Triggerwarnung: Tierquälerei
Um es gleich vorwegzunehmen, hier geht es weniger um einen alten oder neuen Traum, vielmehr um den einen Traum, der sich immer wiederholt, seit ich mich erinnern kann. Er war immer da und er hat sich im Laufe der Jahre, mit dem Erwachsenwerden und auch später kaum verändert. Eher sind es unterschiedliche Details, die mir am nächsten Morgen im Gedächtnis bleiben. Gerüche, ob es geregnet hat, ob irgendwo eine Straßenlaterne brannte …
Immer ist es dunkel, sodass man die hohen Gebäude ringsum mehr erahnen als wirklich sehen kann. Trotzdem weiß ich, dass ich mich in einer langen Straßenflucht befinde. Sie führt schnurstracks geradeaus. Seltsamerweise gibt es in diesem Traum keine Kurven oder Einmündungen anderer, ebenso düsterer Straßen. Und ich habe keine Ahnung wieso, aber aus irgendeinem Grund sind da überall an den Hauswänden diese Feuerleitern, die ich sonst nur aus amerikanischen Filmen kenne. Warum sie in meinen Träumen vorkommen, obwohl ich weder aus der Stadt noch aus den USA bin, weiß ich nicht. Alles, was ich in diesem Traum weiß ist, dass ich renne. Schnell, so als wäre jemand hinter mir. Doch es ist nicht Angst vor etwas, die mich treibt. Eher ist es das Gefühl, zu spät zu kommen. Ich muss ganz dringend weiter, dabei schneller und schneller laufen, denn sonst komme ich womöglich zu spät. Irgendwann, da bin ich mir im Traum sicher, auch wenn ich ihn nicht sehen kann, sondern nur seine Schritte und seinen keuchenden Atem hinter mir höre, läuft mein Vater mit mir. Manchmal ist er so dicht hinter mir, dass ich meine, seinen Atemhauch zu spüren, doch dann laufe ich wieder schneller. Oder fällt er zurück?

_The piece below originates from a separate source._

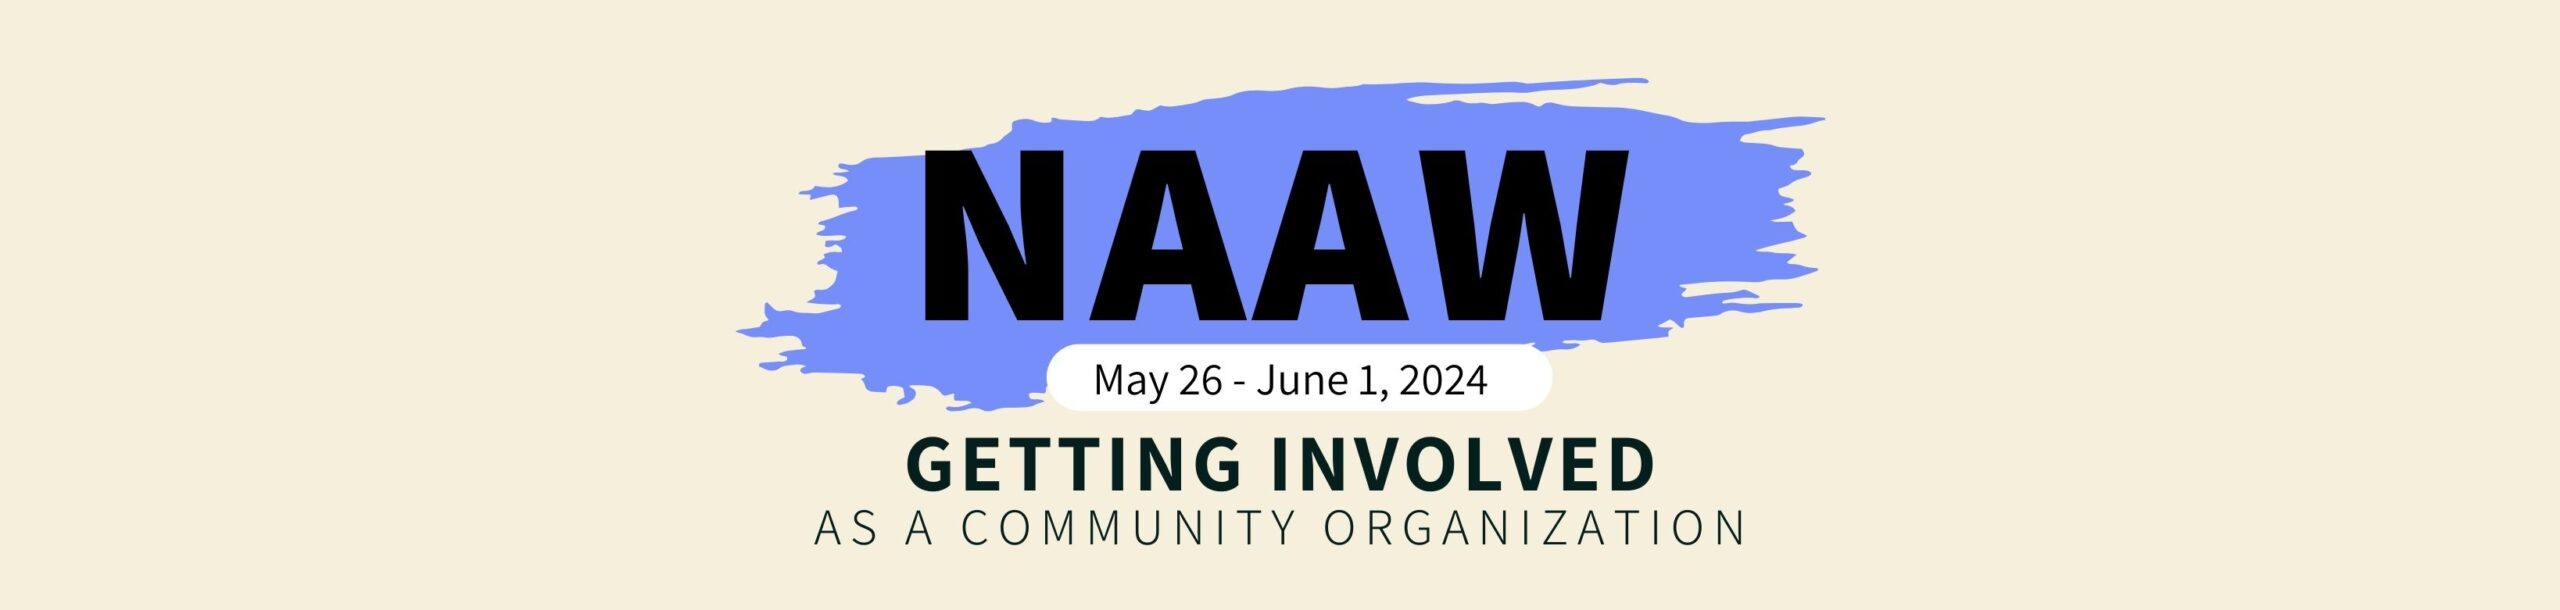 NAAW – Getting Involved as a Community Organization

Beide laufen wir und dann irgendwann werden andere Geräusche lauter. Sie waren schon von Anfang an da, doch wurden sie von dem Hall unserer Schritte in der Häuserschlucht übertönt. Sie klingen wie das Geschrei von Kindern, doch ich weiß, dass es Katzen sind. Irgendwo weit vor mir und meinem Vater, irgendwo in diesen dunklen Häusern, vielleicht auf ihren Dächern oder in ihren Kellern werden Katzen gequält. Und wir suchen nach ihnen, nach der Quelle ihrer lauten, jammervollen Stimmen. Wir versuchen, sie zu finden. So schnell wie möglich, bevor ihnen Schlimmeres geschieht. Dabei habe ich keine Ahnung, was jemand diesen Tierchen antun könnte. Vielleicht haben sie nur Hunger und Durst? Sind sie eingesperrt? Werden sie womöglich brutal geschlagen oder getreten? Und dann kommen mir immer diese dummen Redewendungen in den Sinn: jemandem das Fell über die Ohren ziehen, jemandem die Hammelbeine langziehen, Mädchen die pfeifen und Hähnen, die krähen, soll man beizeiten den Hals umdrehen … Was wenn irgendeine Bestie von Mensch die jaulenden Katzen auf diese Art quält?
Ich wünschte, es käme irgendwann der Morgen, an dem ich mich daran erinnere, ob es uns gelingt, die Katzen zu finden und zu retten. Ich weiß, das ist unsere Aufgabe. Darum rennen wir durch diese furchteinflößende Stadt. Es wäre schön, zu wissen, dass die Miezen endlich alle in Sicherheit sind.